Всегдашний собутыльник и соходник по бабам был просто расстелен на столе скатертью, а на лице под черными усами застыла плоская улыбка.
-- Веселый был, -- грустно прокомментировал Палваныч и улыбнулся, припоминая совместные приключения. -- В театре жизни у каждого свое амплуа: кто-то драматизирует, другой в черных трагедийных по жизни, мрачно насупясь, шагает; некоторым повезло проскакать дистанцию легким клоуном, и даже его смерть вызывает у окружающих улыбку. Финита... -- Он откинул следующую простынь. Глянул и сразу закрыл тело. – Типичное самоубийство двумя выстрелами. Эх, и что им не живется?

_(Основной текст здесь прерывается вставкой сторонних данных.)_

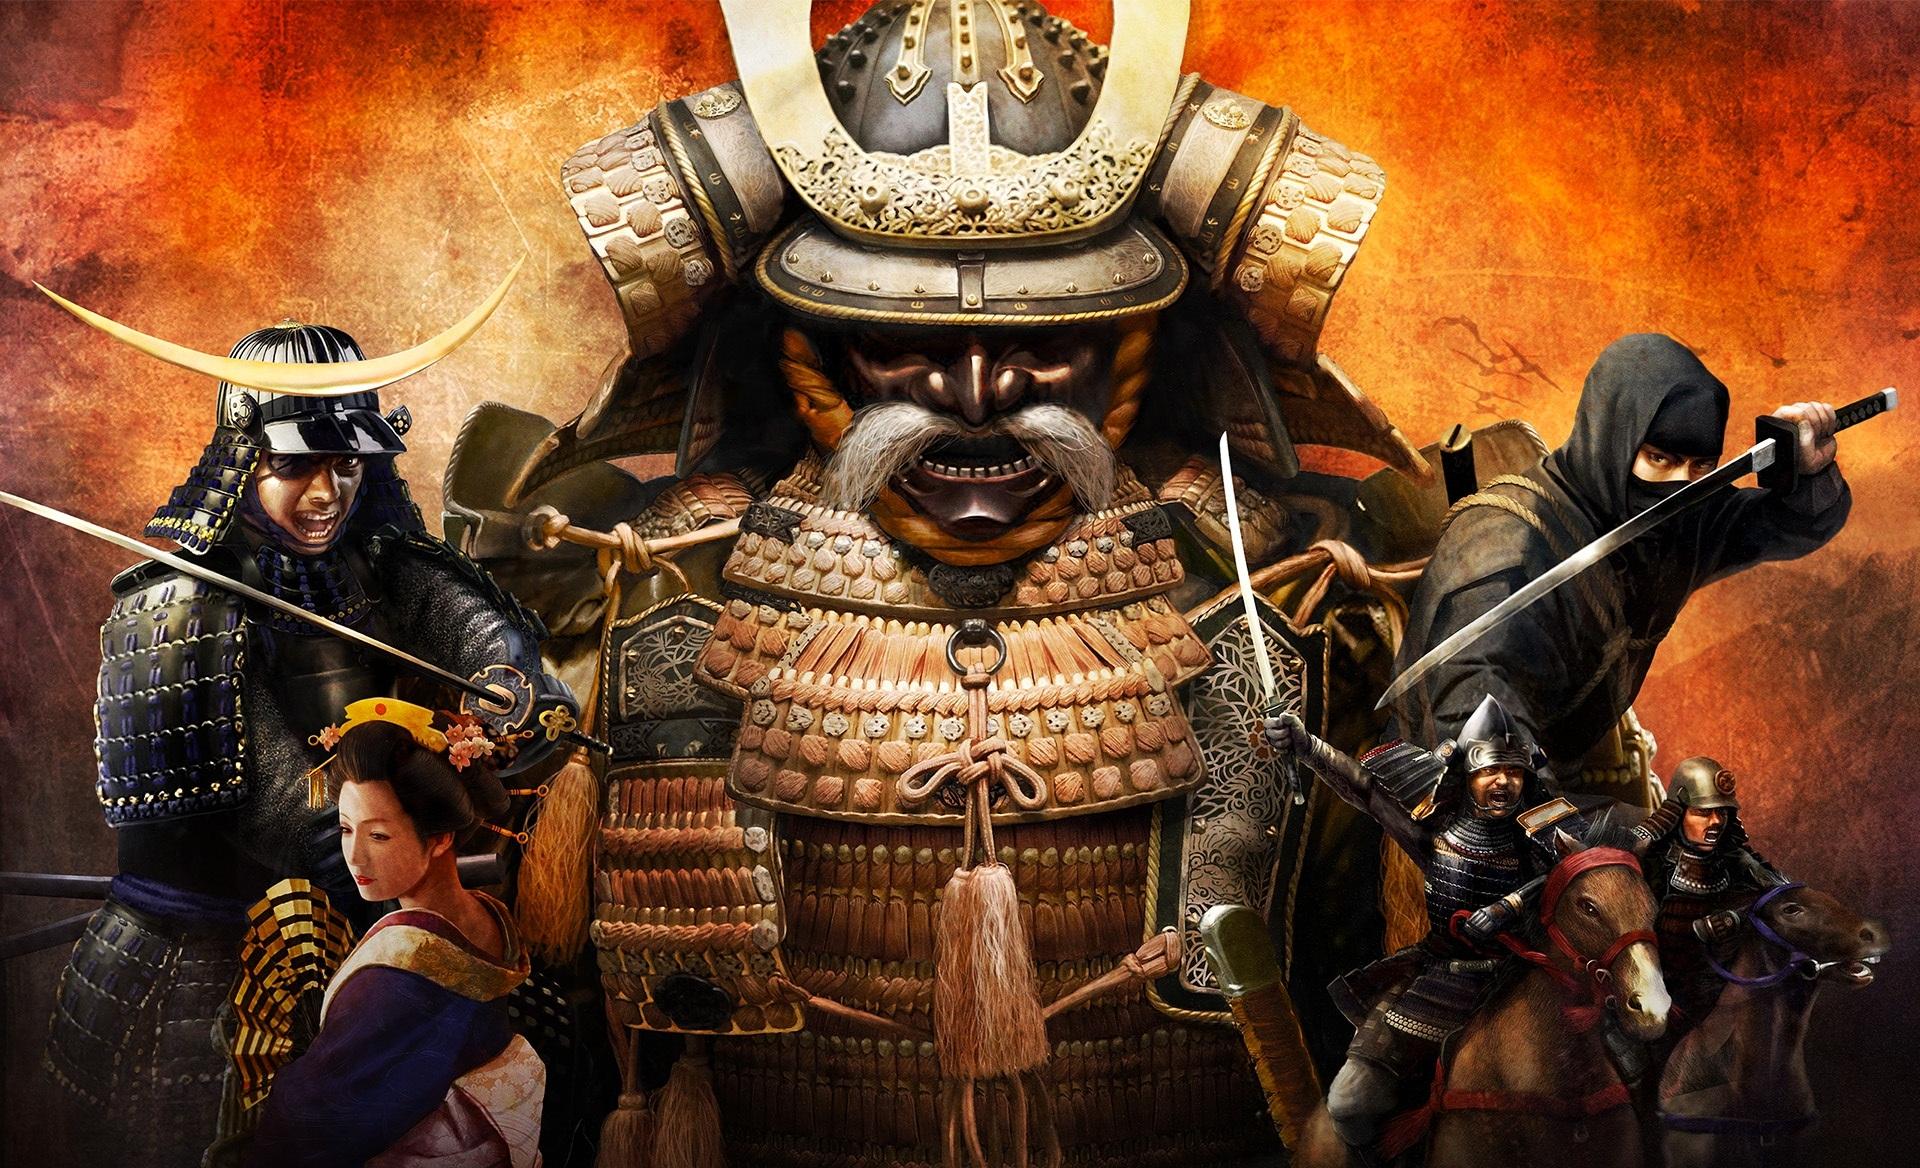 Shogun 2 Total War Wallpapers in HD High Resolution 1920x1168

Он вытянул из кармана мобильный, с отвращением выбрал номер жены и, ожидая соединения, пнул ближайший стол:
-- Жизнь пошутила: сделала бессмертным в окружении мертвецов! – телефон отозвался голосом жены, и Палваныч сник. – Да-да, приезжайте, работайте, а я отчет подготовлю.
Из черного Вольво выбрались мама Вера и дочка Иришка, плотные невысокие ярко-накрашенные блондинки. Прошли в открытую дверь морга.
-- Такой противный тусклый желтый свет, -- злобно процедила мама.
-- А зачем покойным яркий и белый? – возразила «продвинутая» дочь. – Им теперь розовый, голубой или серо-буро-малиновый – абсолютно фиолетово.
Привычно приступили к работе. Снимали простыни и окатывали отстрадавшего холодной водой из цинкового ведра. Мгновенно посиневшего и покрывшегося гусиной кожей бедолагу оставляли обсыхать и переходили к следующему.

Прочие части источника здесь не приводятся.